А вон Есей зарится на мое поле. Я ж то поле разделал, оно нынче как перина хорошая, он и уговаривал: отдай да отдай, я, мол, тут исконный, а ты, мол, рязан, тебя, мол, ветром сюды придуло. Нет, говорю, не дам: покопай себе землю сам так, коли сил станет. А он мне горожу растворил да на овес моих же овец запустил. Я его не обидел, так чего ж он?
Есей был тот самый, что с воином говорил. Он распетушился и кинулся к судейскому столу.
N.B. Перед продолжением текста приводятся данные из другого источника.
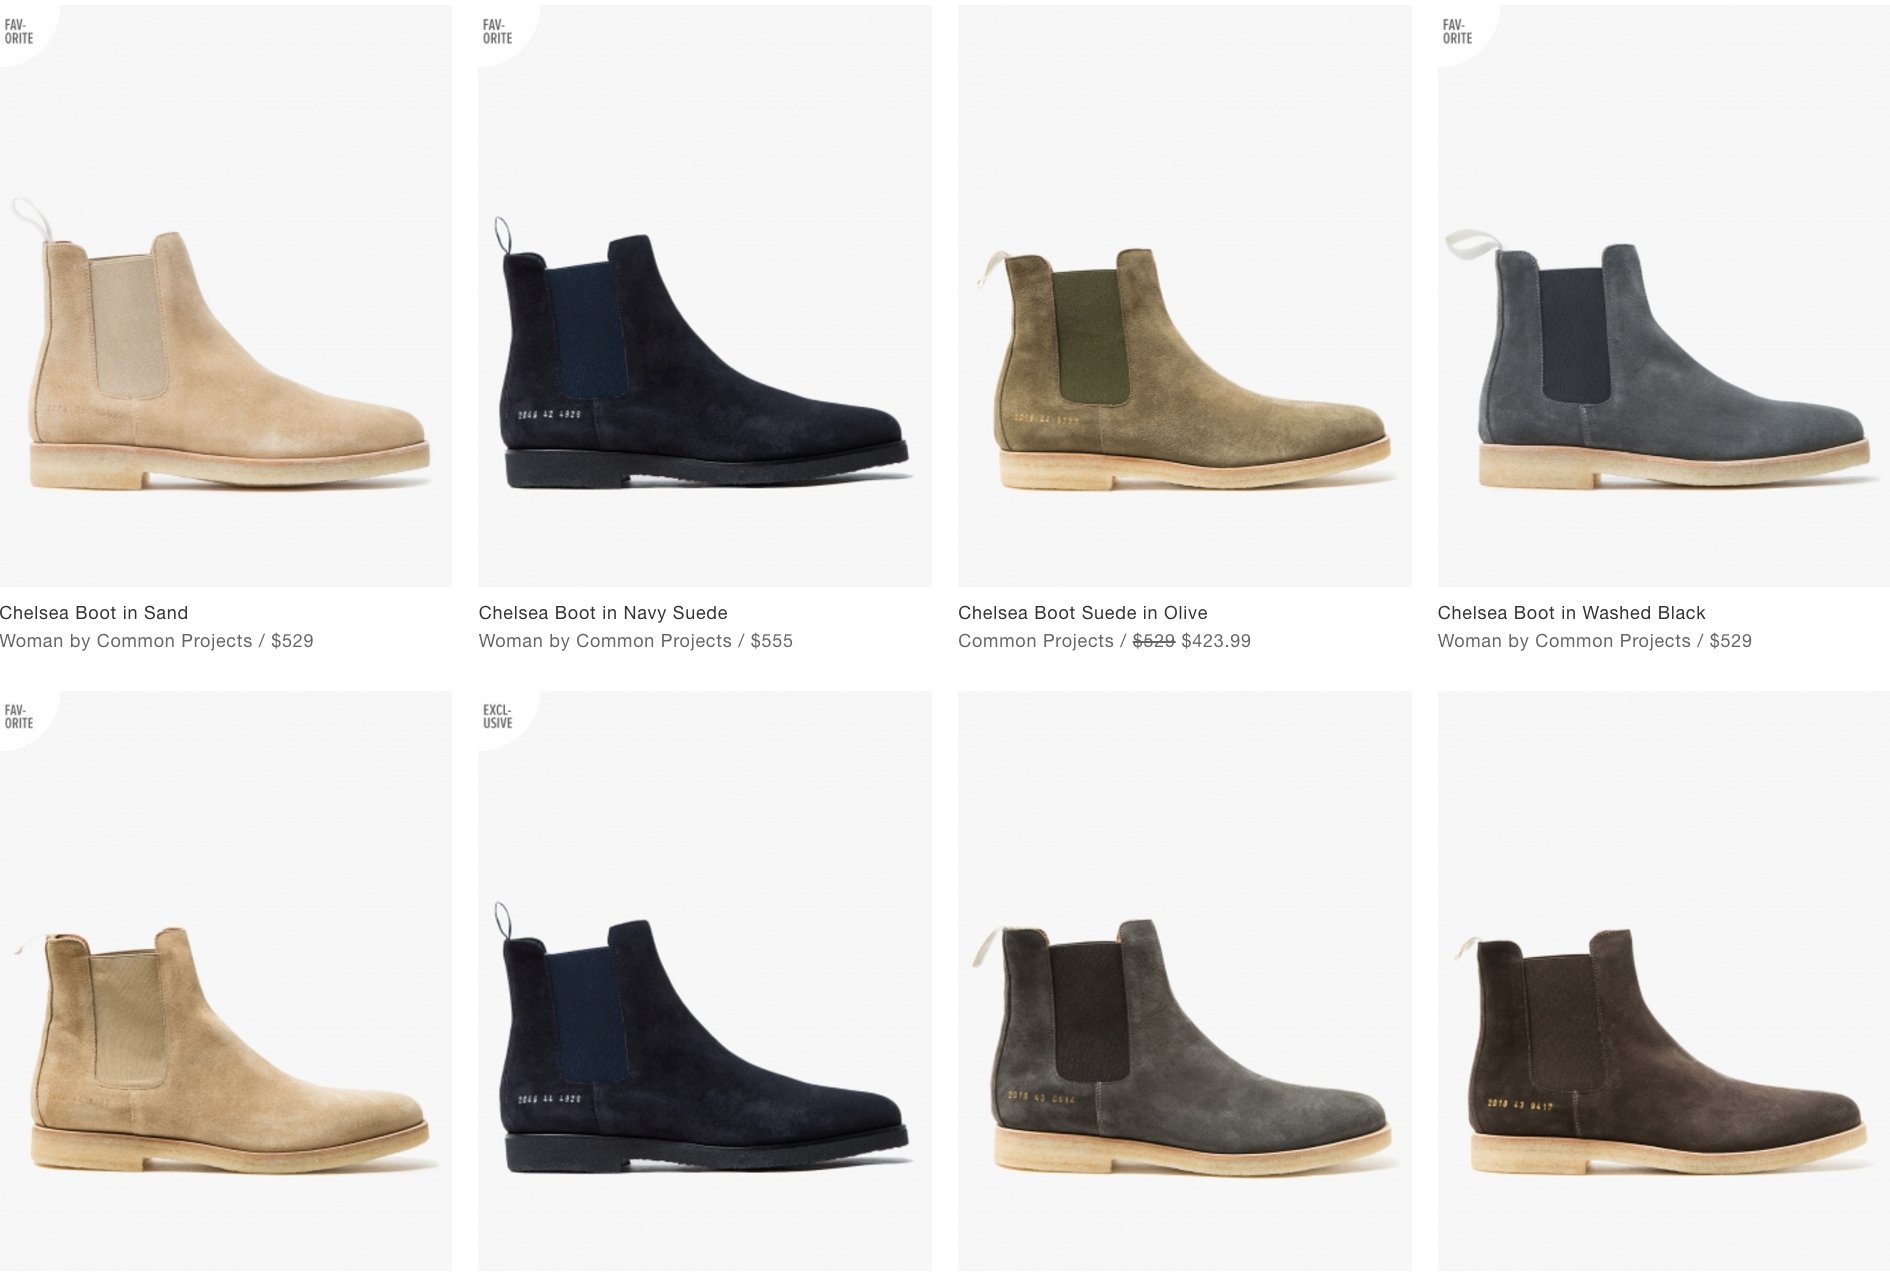 Visum grill Vaccinere SOLELINKS on Twitter: "SALE ALERT ! Common Projects Chelsea Boot on sale  for $360 with code BOOST15 (retail 530) https://t.co/zBi0zix9yW  https://t.co/YUNhPS7li9" / Twitter

– А видал он, как я его огород ломал? – Но вдруг взгляд его скользнул по крыльцу, и он, потупившись, тихо договорил:
– Очень уж обидно было, вот я и разгородил.
Дмитрий спросил сверху:
– Чего обидно?
И все обернулись к нему. Есей, помолчав, ответил:
– Одно слово – виноват. Помилуй, государь.
Дмитрий спросил рязанца:
– Ты давно тут?
– Третий год.
– На три года прощаю те всякую дань и всякую тяготу. Стань сперва на ноги. Чего ж пристав смотрел, дал тебя в обиду? А что потравлено, то сосчитай. Есей тебе за то заплатит сполна и немедля – он тут исконный, найдет. А что злобствует да горожу ломает, за то дать Есею плетей, чтоб наперед помнил – мне все дети любы: и те, что в возрасте, и те, что новорожены, что исконные, что новожилы. Тако решено.
Воин, будто дорвался, ринулся на Есея и уволок его, приговаривая:
– Счастье твое, что раскаялся, а то б беда.
– Сам чую. Спасибо тебе.
Рязанец же, уходя следом, попрекал Есея:
– То-то и оно-то! А он: рязан да рязан. А какой я рязан, ежели сам князь Московский за меня стоит!
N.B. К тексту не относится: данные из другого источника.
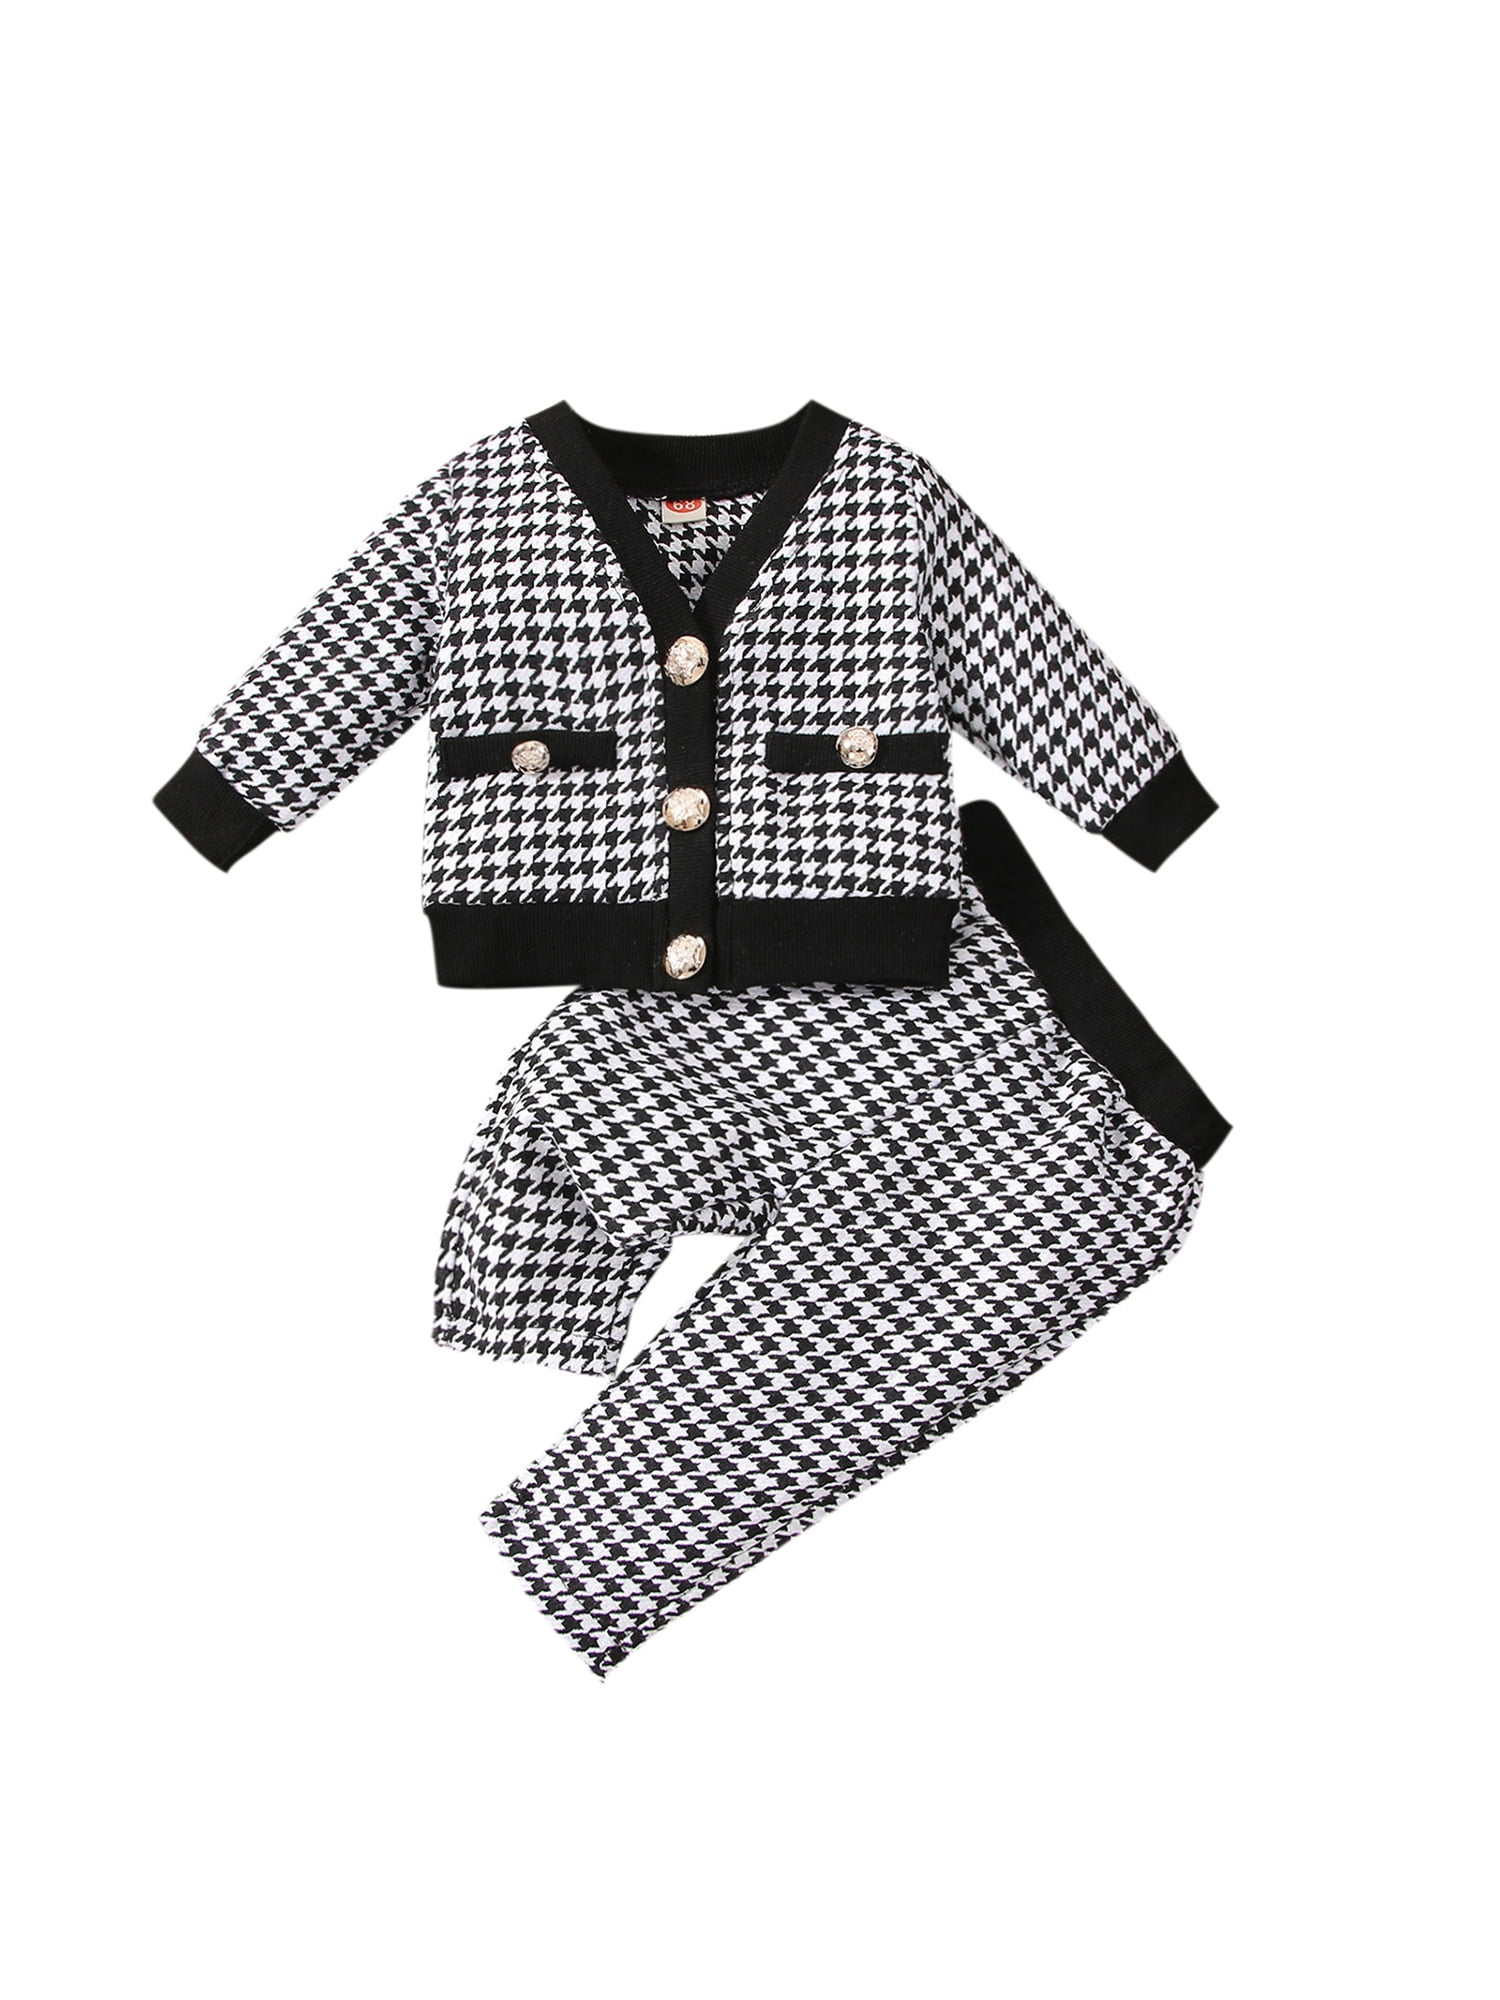 Black and White Houndstooth Patterned Dress Pants Theater Halloween Costume

Приступили к делу звонаревой вдовы. Дело было тоже о потраве, а потравил ее огород сам пристав. – Чисто татарва прошла! – визжала вдовушка. – Лук кверху пузом торчит. От капусты одни кочерыжки осталися, морковь теперь надо клещами тащить, всю ботву съел.
– Пристав? – спросил Дмитрий.
– А то кто ж! Бык здоровенный, все на мое вдовство зарится.
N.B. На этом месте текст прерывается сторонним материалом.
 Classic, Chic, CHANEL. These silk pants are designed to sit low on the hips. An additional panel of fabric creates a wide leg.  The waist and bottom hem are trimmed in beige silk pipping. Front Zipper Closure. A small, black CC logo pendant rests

– Аз не зарюсь: ты глянь на себя! Кто на тебя позарится! Она на меня поклеп, государь, возвела за то, что не зарюсь.
Дмитрий усмехнулся. Любил такие речи.
– Пристав, я тебя о том не спрашивал. А городьба-то добрая ль?
– Да какая ж городьба при моем вдовстве… – женщина всхлипнула.
Пристав опять ввернул:
– В судебнике речется: огород ставится около поля – семь жердей добрых да два кола. Чтоб скот не мог вломиться, а овцы – пролезть. А около гумна, сиречь на овоще тож, огорожа должна стоять девяти жердей, добрая.
– А какая скотина-то у тебя? – обратился Дмитрий к вдове.
– А никакой у меня нет!
В это время во двор прискакал всадник, быстро прошел к крыльцу.
– Государь Дмитрий Иванович, весть есть, дозволь сказать.
– Иди в горницу.
Дмитрий вошел в избу и выслушал: корабль Митяя миновал крымские берега, ветер был попутен, и море кротко. Уже увидели берега Византии, как митрополит внезапно занемог и скончался.
– Не убит ли?
– Нет, сказывают, на теле следов нет.
– Не съел ли чего?
– У него из Кафы был повар. Не должно б быть. Фряги нам не супротивники. Хотели тело в Цареград везти, да фряги отговорили: нехорошо, мол, будто мертвец в митрополиты ставиться прибыл. Сгрузили в барку, погребли в Галате.
– Ступай.
Дмитрий побыл один: это был удар, но кем нанесен? Были у Митяя среди монахов враги, но неужто же и спутники были ему врагами?
"А боярин Кочевин куда смотрел? Ожирел, заспался. А я думал – книжен, велеречив, учен, доглядит. Вот и учен, а делу враг. Проморгал".
Гневный и молчаливый, снова вышел он на крыльцо. Словно другими глазами увидел все.
– Так ты речешь, вдовица, что своего скота не держишь?
– Куда мне с моими силами!
– Тогда ты, пристав, поставь вокруг ее овощей городьбу сам: чья скотина, тому и городить. А у кого скотины нет, тому городиться не от кого. Да чтоб огород был по твоему слову, как сам ей вычитывал, – по девять жердей меж двумя колами. Да чтоб сполнено было немедля, сам догляжу. А овощь ей, кроме лука, со своих гряд отдашь, сколько потравлено.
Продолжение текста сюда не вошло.